Да уж ты спятила, Кити.
- Ну и думаешь ты так от незнания правды. - Ее глаза под темными круглыми очками будто бы вообще не принадлежат ей. Я боюсь, что она ослепла от своего же восторга. - Жара не может быть убийцей, потому что она заранее спасает от смерти. Из-за нее ты прыгаешь в воду, прикладываешь лед к голове и пьешь все, что тут могут предложить, если оно, конечно, дико холодное.
Она смеется слишком резво, что заставляет вздохнуть и расслабиться, и не бояться.


- В заумных книжках пишут, что человек умирает однажды. Но что значат эти заумные книжки перед такой вещью, как душа человеческая? - Голос будто летел по жаркому ветру, заставая всех и каждого. - Ни-че-го. Человек умирает с человеком, как говорил один разумный философ. И ведь он прав.
- Я думал, в таком месте, как здесь, люди автоматически перестают занудствовать.
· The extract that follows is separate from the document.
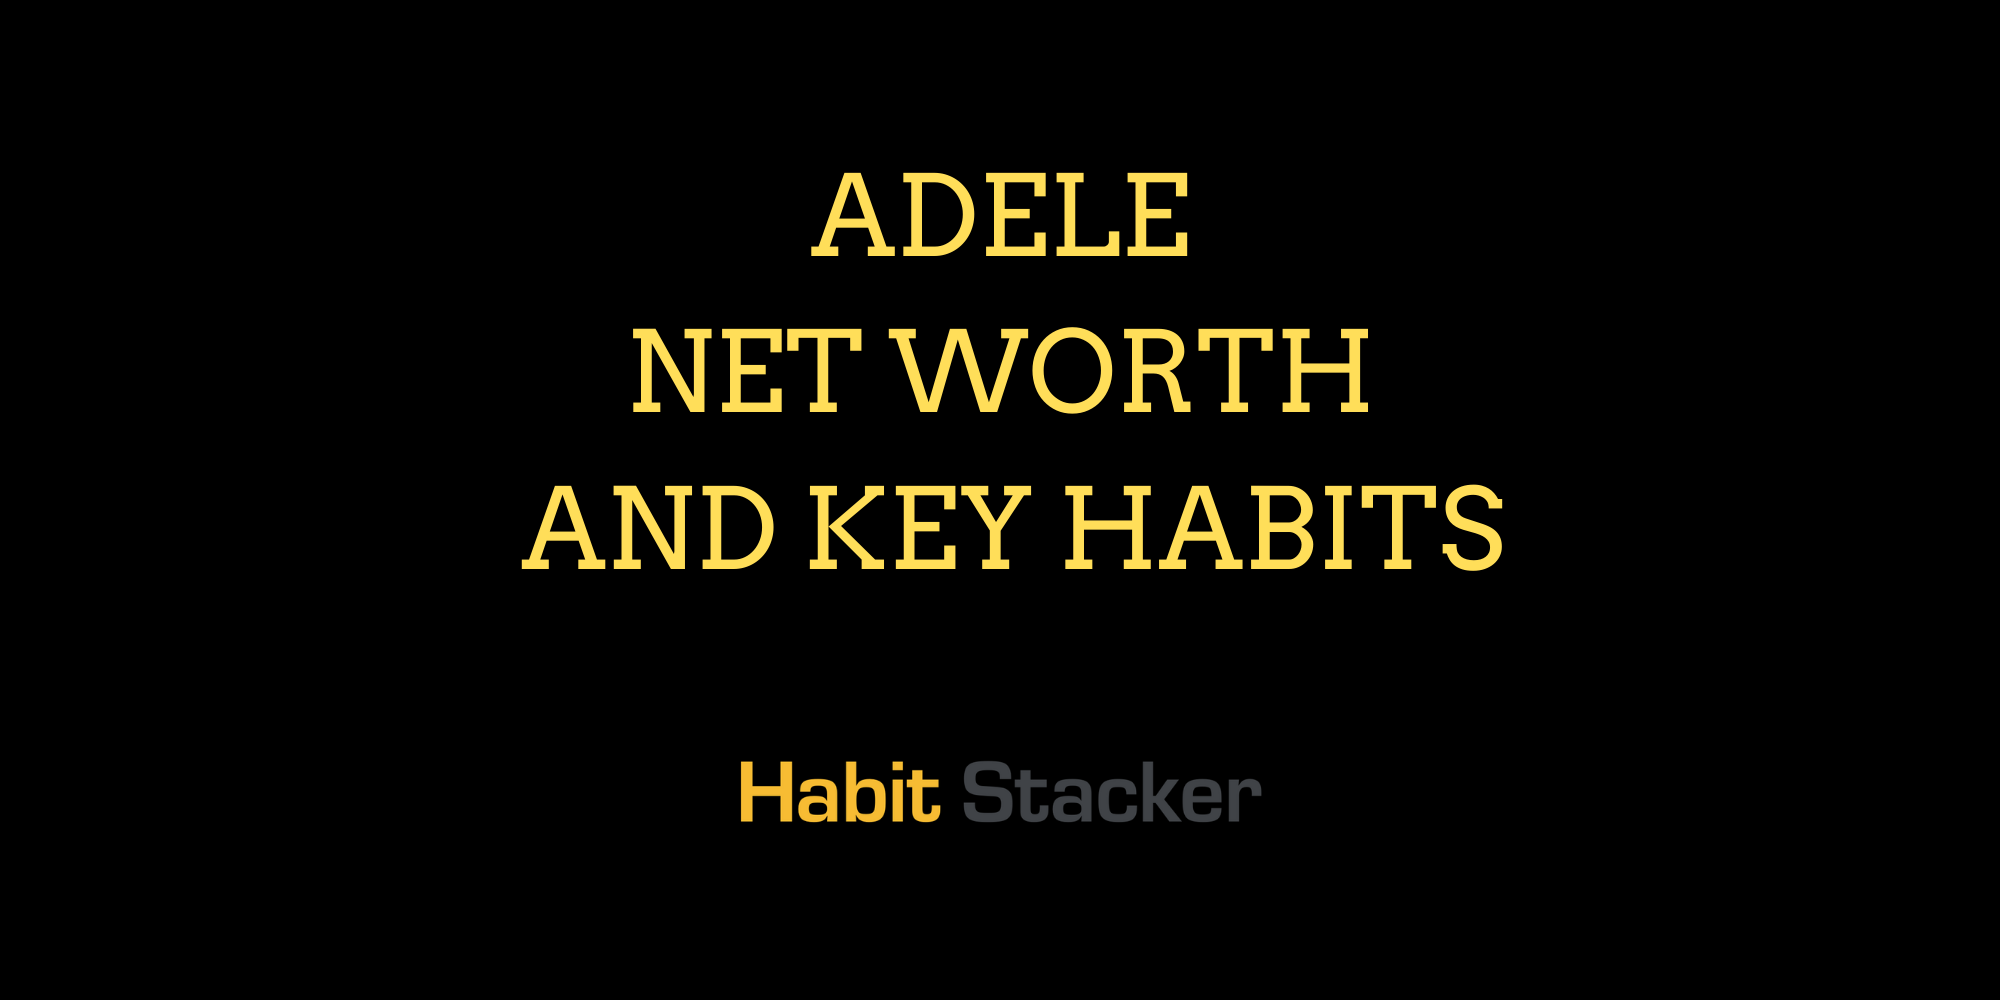 Adele Net Worth and Key Habits

Отдых вышибает все знания и это сказал никакой не философ, а я.
Кити тут же заинтересованно повернулась в левую сторону, где стояли большие разноцветные шезлонги.
- Сейчас ты споришь, а сам такой же мертвый, дурак.


- Ну же, умник, расскажи-ка мне тогда, как выглядят Рай и Ад, если ты уже несколько раз улетал?
А этот смех был похож на хруст жаренной рыбы.
- Ты знаешь, ее звали как-то на Эм и она была дикой стервой, но от этого ничего не зависело, друг мой, совсем ничего. Наверное, я общался с ее размытым образом, когда умирал, так часто оно и происходит. Но если есть на свете самый большой нож, то тот, что она мне всадила в самый корень  моего самосознания, был минимум на десять дюймов длиннее.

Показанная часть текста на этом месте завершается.